Startled, Death and the gunman turned to the teenager behind the counter. In the heat of their fight they'd both forgotten him. He had a gun of his own, an ancient revolver he held in both hands. He was trembling so badly that the barrel danced like water drops on a hot skillet. The gunman gave up and ran for his car.

Death dropped the mustard bottle and leaned against the counter, trying to drag in enough air to calm his heartbeat. “Kid,” he said, “just don't, okay?”

_____

Wren came out of the bathroom toweling her hair dry. Randy's home had a central air conditioner that was ancient but well-maintained and efficient, causing her to shiver in the chilly room. She'd been thinking about Death and his theory about the caves.

If he was right about the Einstadt family having a private entrance to the brewery through the caves, it made sense that the passage would lead to the Einstadt mansion. It had been built at the same time as the brewery.

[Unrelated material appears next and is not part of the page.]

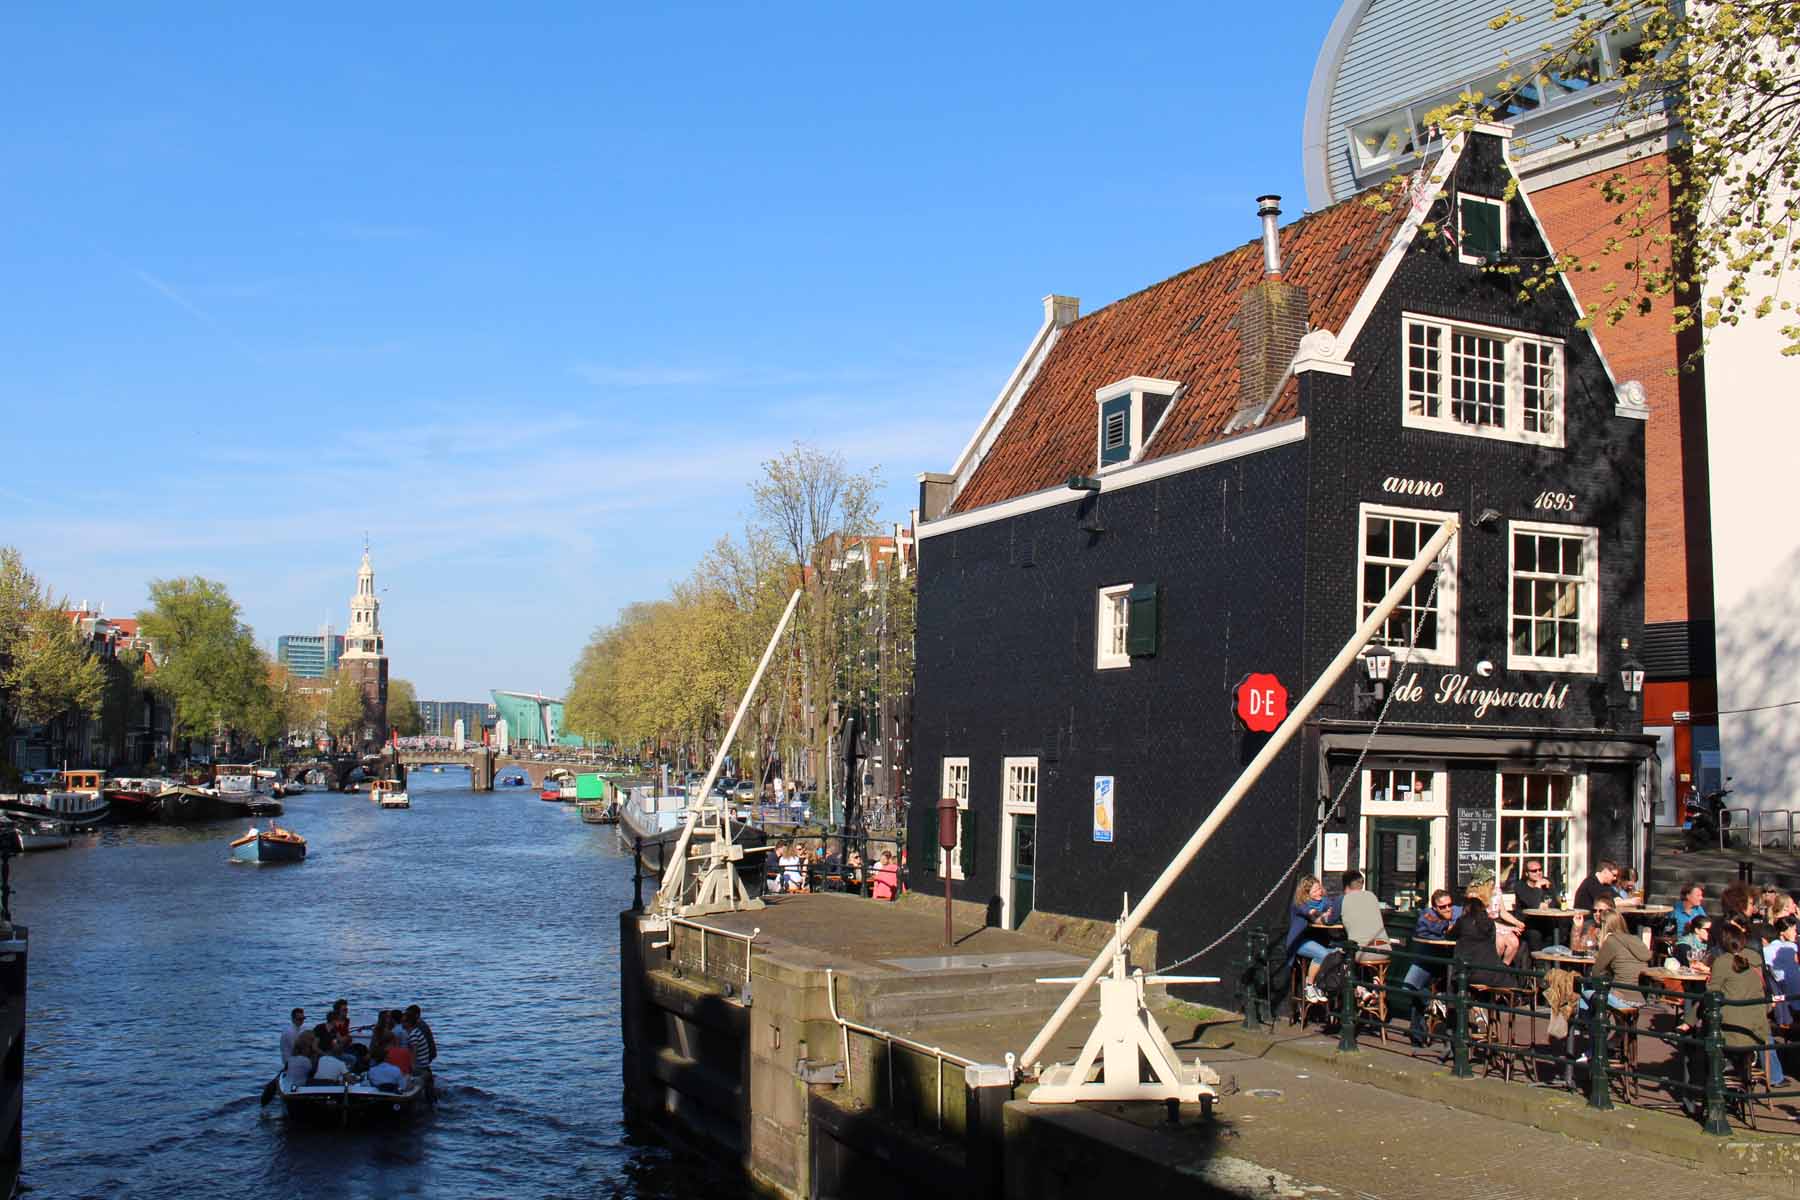 Amsterdam, café Sluyswacht, canal Oudeschans

It could have been situated over a natural entrance to the caves, or an artificial entrance could have been dug.

That didn't mean the current occupants were involved, or even that they knew the passage existed. Their end of the passage could exit in a remote location, such as a garden shed, and there could very well be some way to get from the passage to the main network of caves. In fact, there'd better be, or she and Death would find nothing on the clandestine caving expedition he was planning for later that day. If that happened, she had a strong suspicion they'd end up trespassing and making an unlawful entry into the brewery before the night was over.